Under the Worker's Compensation Act (Act), you must carry worker's compensation insurance if you do any one of the following:
- Usually employ 3 or more full-time or part-time employees. You must have insurance immediately upon employing a third person.
- Employ 1 or more full-time or part-time employees to whom you have paid combined gross wages of $500 or more in any calendar quarter for work done at one or more locations in Wisconsin. You must have insurance by the 10th day of the first month of the next calendar quarter.
- If you are a farmer who employs 6 or more workers on the same day for any 20 days during the calendar year. You must have insurance by the 10th day after the 20th day of employment. A calendar year is January through December. Some relatives of farmers may not count as employees.
2. Must out-of-state employers carry Wisconsin worker's compensation insurance?
Yes, you must carry the insurance if you have employees working in Wisconsin. The policy must be with an insurance company licensed to write worker's compensation in Wisconsin and endorsed to name Wisconsin as a covered state in section 3-A. Your insurance company must file the properly endorsed policy with the Wisconsin Compensation Rating Bureau.

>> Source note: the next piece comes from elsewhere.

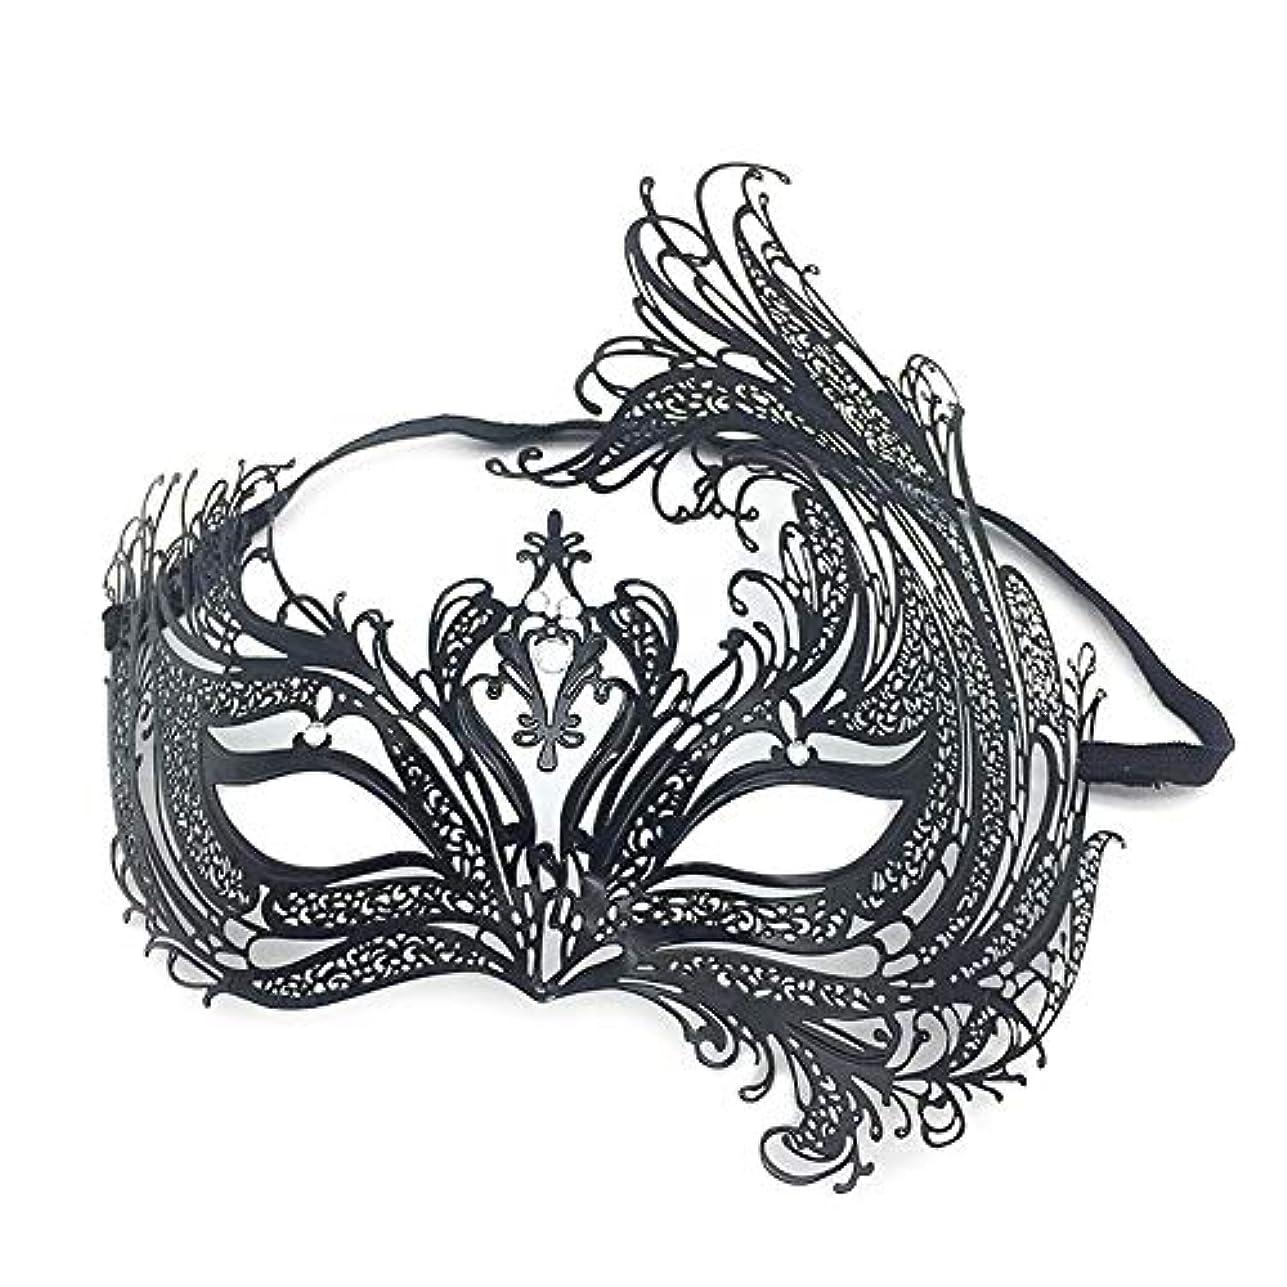 確立セラー馬鹿げたダンスマスク 仮面舞踏会パーティーブラックセクシーハーフフェイスフェニックスハロウィーンロールプレイングメタルマスクガール ホリデーパーティー用品 (色 : ブラック, サイズ : 20x19cm)

The Bureau's mailing address is P.O. Box 3080, Milwaukee, Wisconsin 53201-3080. The telephone number is (262) 796-4540. The Bureau's internet address is Wisconsin Compensation Rating Bureau
3. Who is considered an employee and covered by the Worker's Compensation Act?
Nearly all private and public employees in Wisconsin are considered employees and covered under the Act, including:
- Part-Time Employees: Whether an employee works part-time or full-time has no bearing on the requirement to carry worker's compensation insurance.
- Family Members: An employee's relationship to the owner has no bearing on the requirement to carry worker's compensation insurance (except for certain relatives of a farmer).
- Minors: An employee's age has no bearing on the requirement to carry worker's compensation insurance.
- Corporate Officers: A corporate officer is considered an employee and is covered by the Act.
4. Who is not considered an employee under the Worker's Compensation Act?
- Domestic servants.
- Any person whose employment is not in the trade, business, profession or occupation of the employer.
- Some farm employees (certain relatives of a farmer).
- Sole proprietors, partners and members of limited liability companies.
- Qualified and certified members of certain religious sects.
- Volunteers of non-profit organizations receiving salary or in-kind compensation totaling not more than $10 per week.
- Employees of Native American tribal enterprises, including casinos, unless the tribe elects to waive its sovereign immunity and voluntarily become subject to the Act.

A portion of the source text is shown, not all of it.